2024 EU Elections: Crucial Test For Climate Commitments

The Climate Group

As the dust settles after the 10th election of the European Parliament, the critical question is what the priorities will be for the next five years, how the new leadership will achieve those, and above all: what role the climate will play.

It is clear we are in a very different scenario than in 2019 when a green wave hit Brussels and Ursula von der Leyen announced the European Green Deal within her first 100 days in office. She defined it as “Europe’s man on the moon moment”. With power dynamics shifting within the bloc, the key question is if von der Leyen is ready to protect her flagship initiative, or if she will turn her back on her last-term promises.

In a way, Europe had its ‘golden age of climate action’ during that last term – with key legislation to protect the environment and fight climate change. Whether the first EU Climate Law or the “Fit For 55” package, the EU set ambitious targets to reduce net greenhouse gas emissions by at least 55% by 2030 and achieve climate neutrality in 2050.

Along the way, however, the EU has often been criticised for overregulation. Farmers’ protests erupted outside EU buildings in a call to scrap environmental policies to solve cost-of-living issues; ironically, it is exactly these types of costs that would be brought down through efficient environmental policies. Without further climate action, the challenges that farmers are currently facing will inevitably only increase, with more extreme climate-related events such as heatwaves, floods, and droughts across the continent, potentially impacting not only Europe’s energy security but also its access to food.

The EU now stands at a crossroads. Continue the legacy of the European Green Deal and bank on the huge investments the EU has already made to transition towards a resource-efficient and competitive economy. Or backtrack on its ambition, with potentially immense costs for the economy and irreparable damage to our planet.

For example, reopening the agreed phase-out of the sale of new combustion engine cars in the EU by 2035, as some members of the European People’s Party (EPP) political group are calling for, would hamper the current transition towards road transport electrification – putting the EU’s competitiveness at risk and jeopardising the enormous investments already made. The EU should instead push for the electrification of vehicles with a strong industrial policy.

Ultimately, the EU can choose to maintain its climate leadership and retain its geopolitical competitiveness with the US and China, which downplay the climate reality.
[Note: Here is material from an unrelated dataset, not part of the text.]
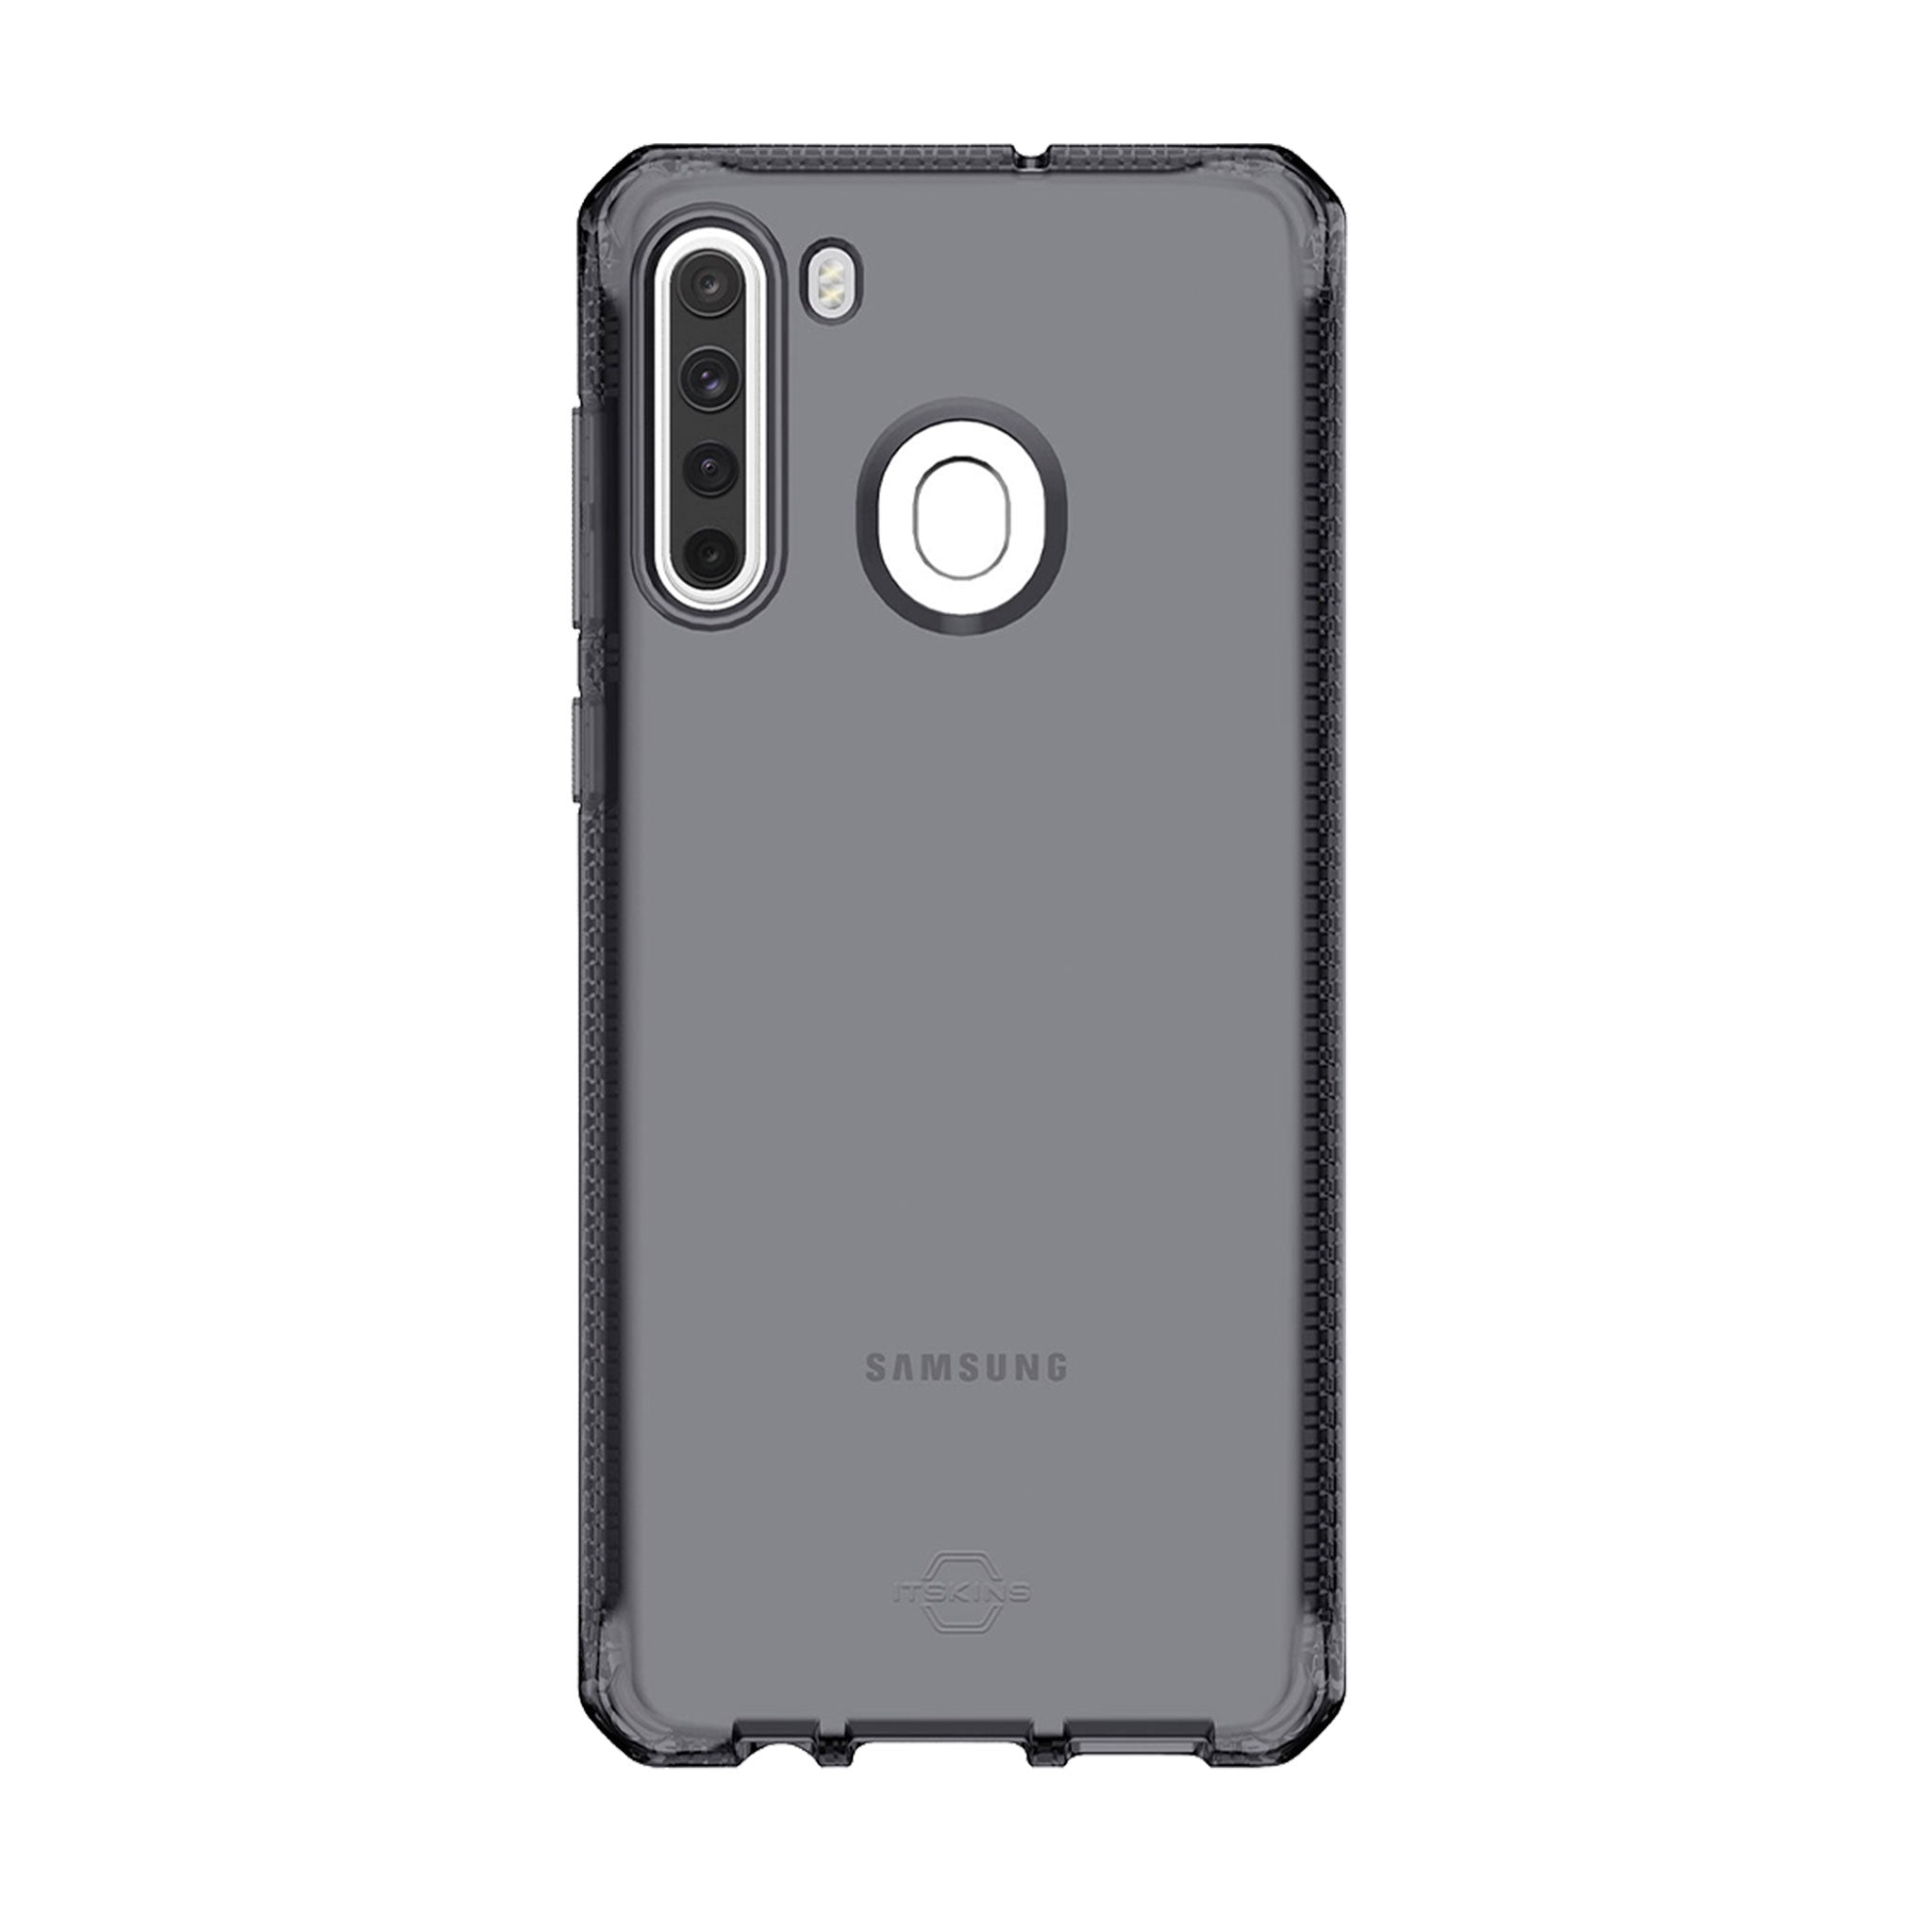 Itskins - Spectrum Clear Case For Samsung Galaxy A21 - Smoke

It would be a disaster for the planet and for the entire EU economy, its jobs and innovation, condemning its people to a difficult future.

After the 2019 elections, pro-European parties consensually adopted a “cordon sanitaire” to stop far-right, anti-establishment -and often climate-denying- political parties from disrupting EU values. Five years on, will these values still be protected?

While political negotiations intensify and nationalist parties in Europe’s biggest economies gain significant ground, EU leaders should focus their energies on protecting the EU Green Deal, implementing current legislation to create new jobs, boost the global competitiveness of the EU, raise living standards, and accelerate the transition to climate neutrality by setting out roadmaps for key industries. What does this mean in practice? It would require ramping up renewables capacity, accelerating the shift to EVs, supporting heavy industry with emissions reduction, and cutting emissions across the food chain.

In turbulent political times, with an unprecedented number of elections across the world, the need for EU leadership is greater than ever. To remain relevant to the needs of their societies, and competitive in a rapidly changing world, the EU should not roll back on agreed legislation and continue to champion a net zero emissions economy inclusive for all.